#### Given data:

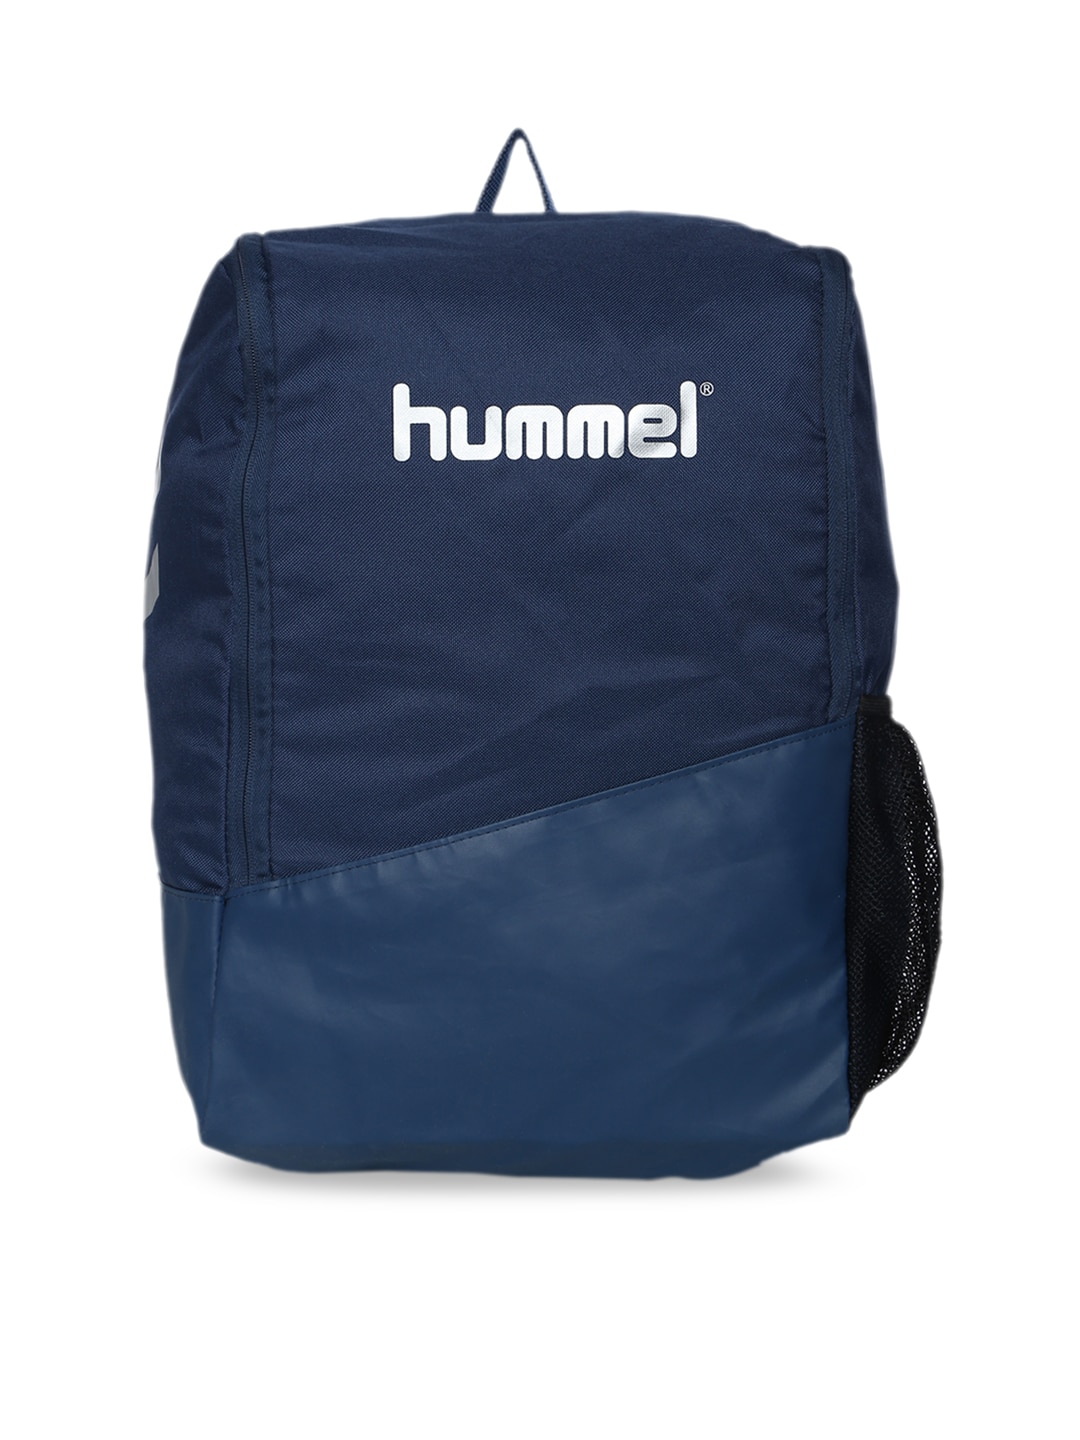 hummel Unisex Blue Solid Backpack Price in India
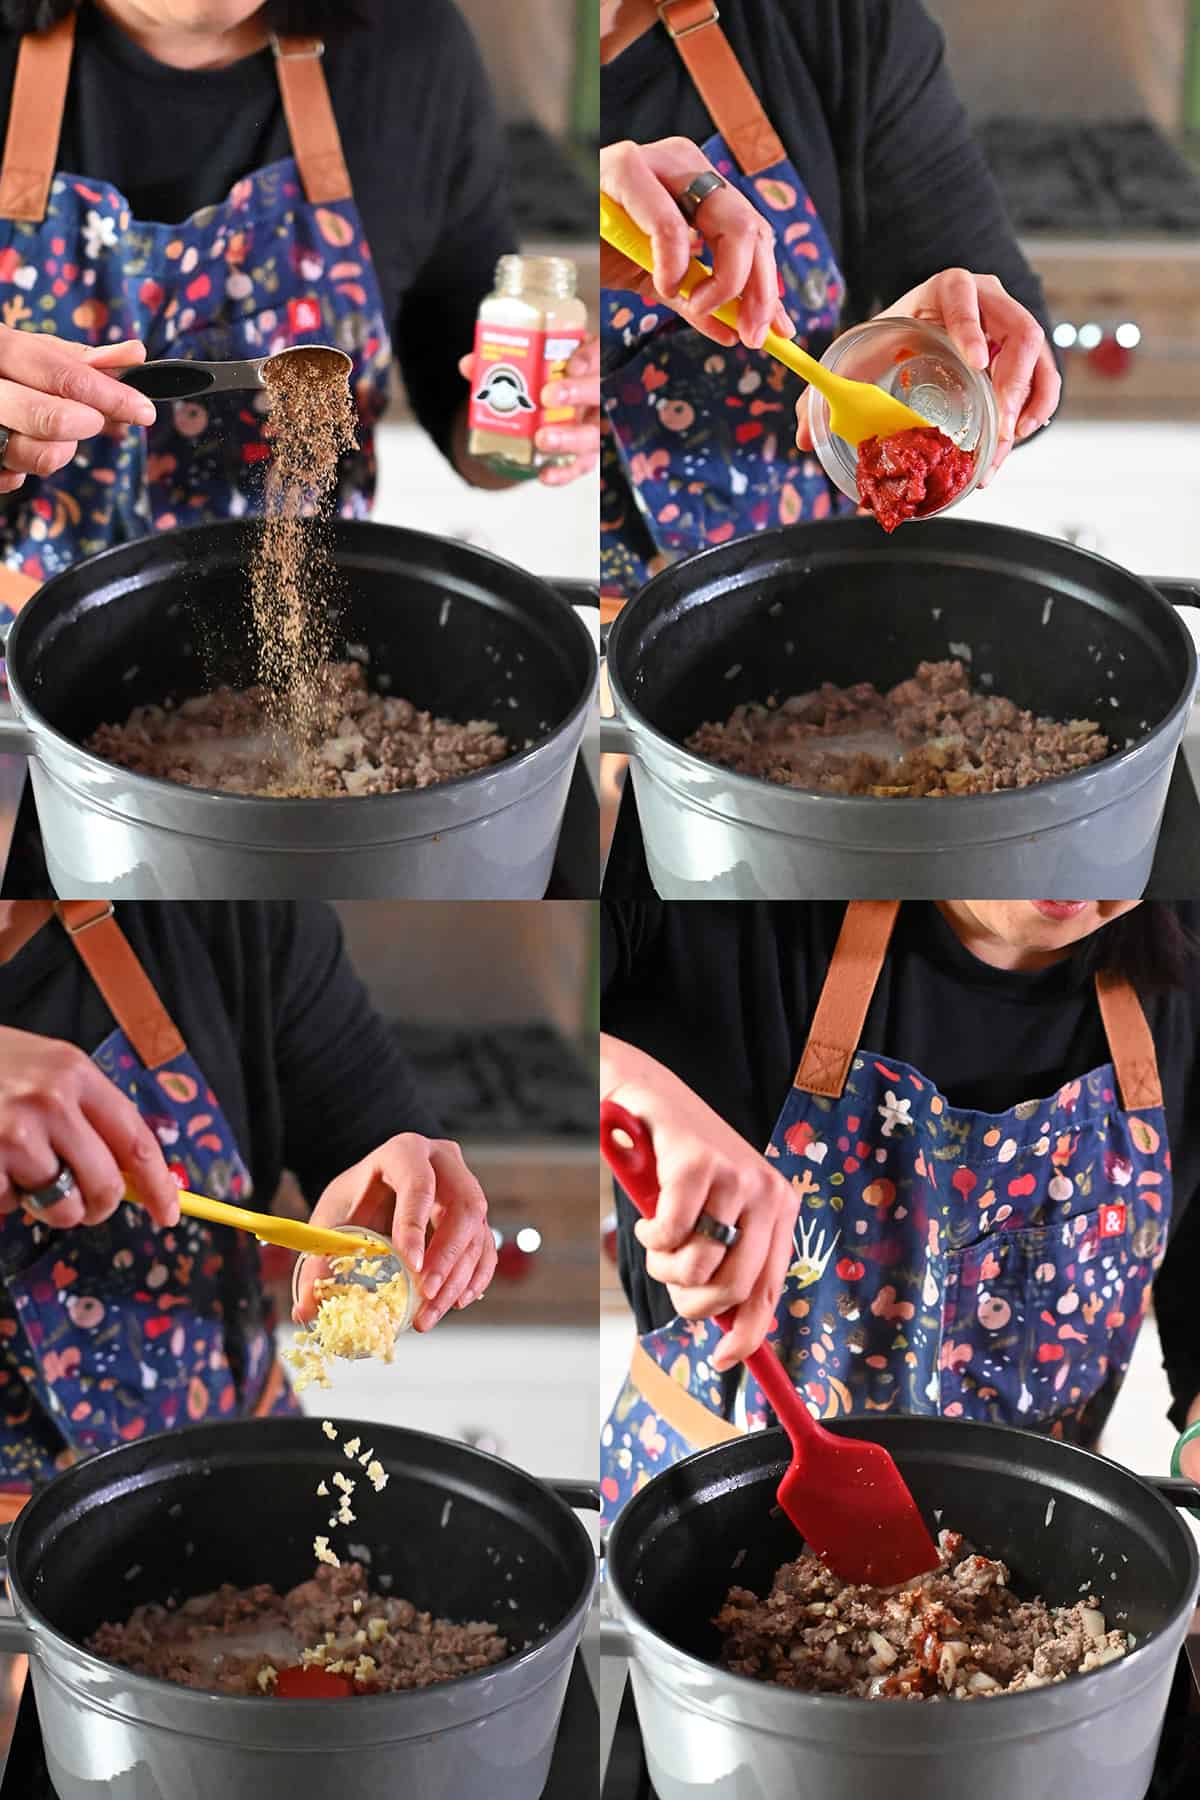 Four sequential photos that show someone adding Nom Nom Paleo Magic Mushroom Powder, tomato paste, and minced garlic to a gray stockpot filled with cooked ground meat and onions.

...

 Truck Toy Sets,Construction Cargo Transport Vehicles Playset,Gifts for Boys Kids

---

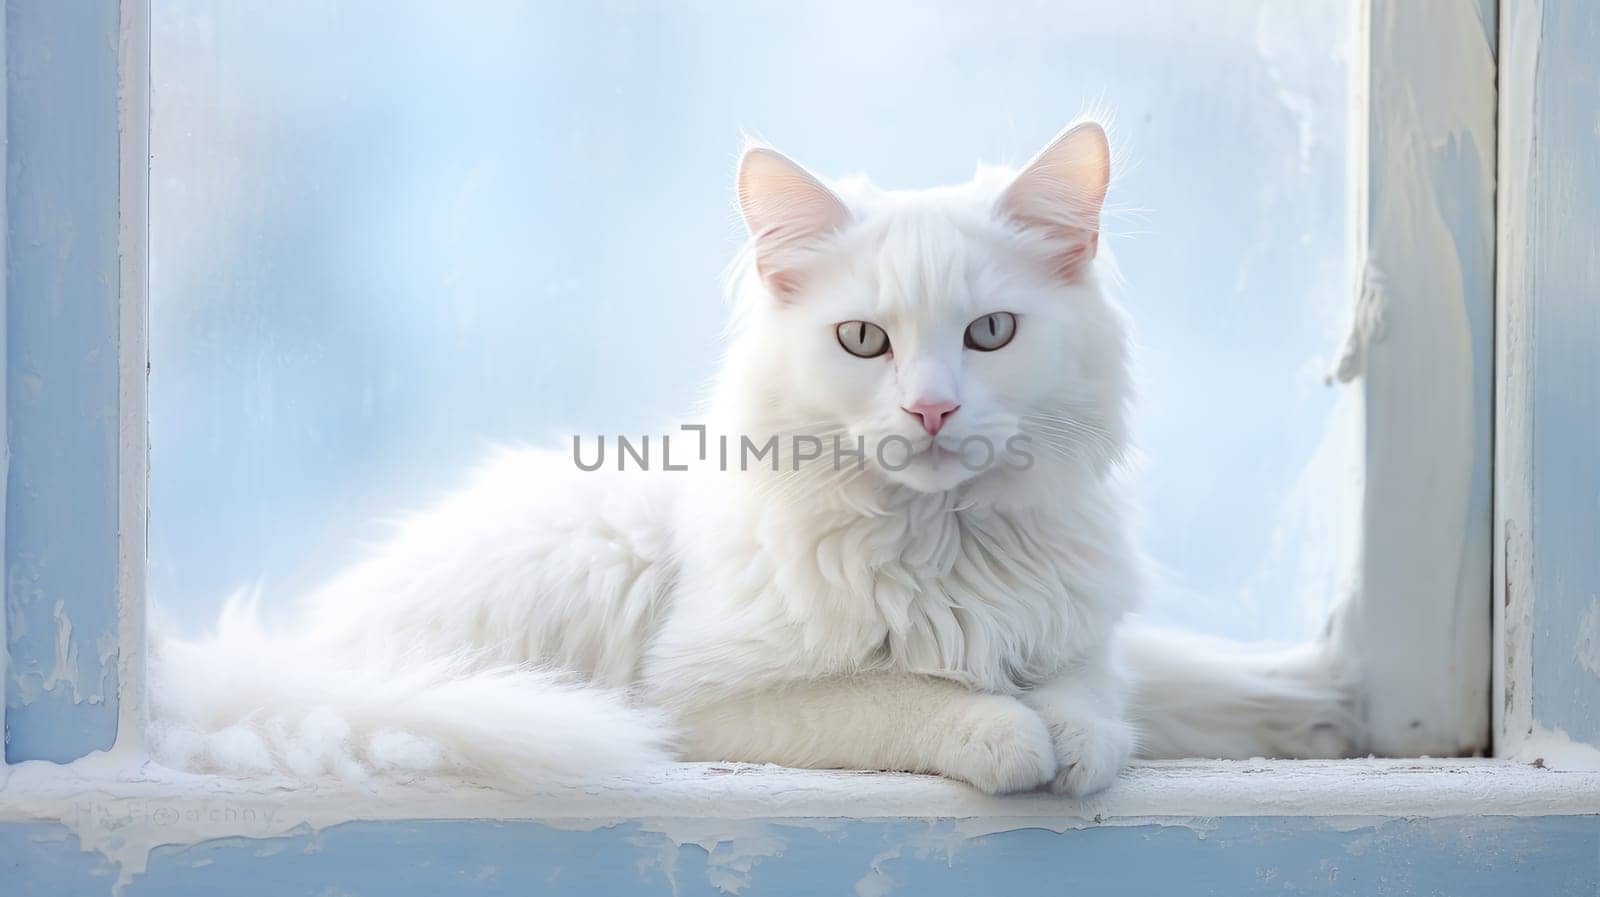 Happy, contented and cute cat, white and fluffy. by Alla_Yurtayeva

#### What the task requires:
Retype only the lines above from the one with "hummel Unisex Blue" through the one with "Four sequential photos", exactly and with both ends. Images stay out.

#### Exercise solution:
 hummel Unisex Blue Solid Backpack Price in India
 Four sequential photos that show someone adding Nom Nom Paleo Magic Mushroom Powder, tomato paste, and minced garlic to a gray stockpot filled with cooked ground meat and onions.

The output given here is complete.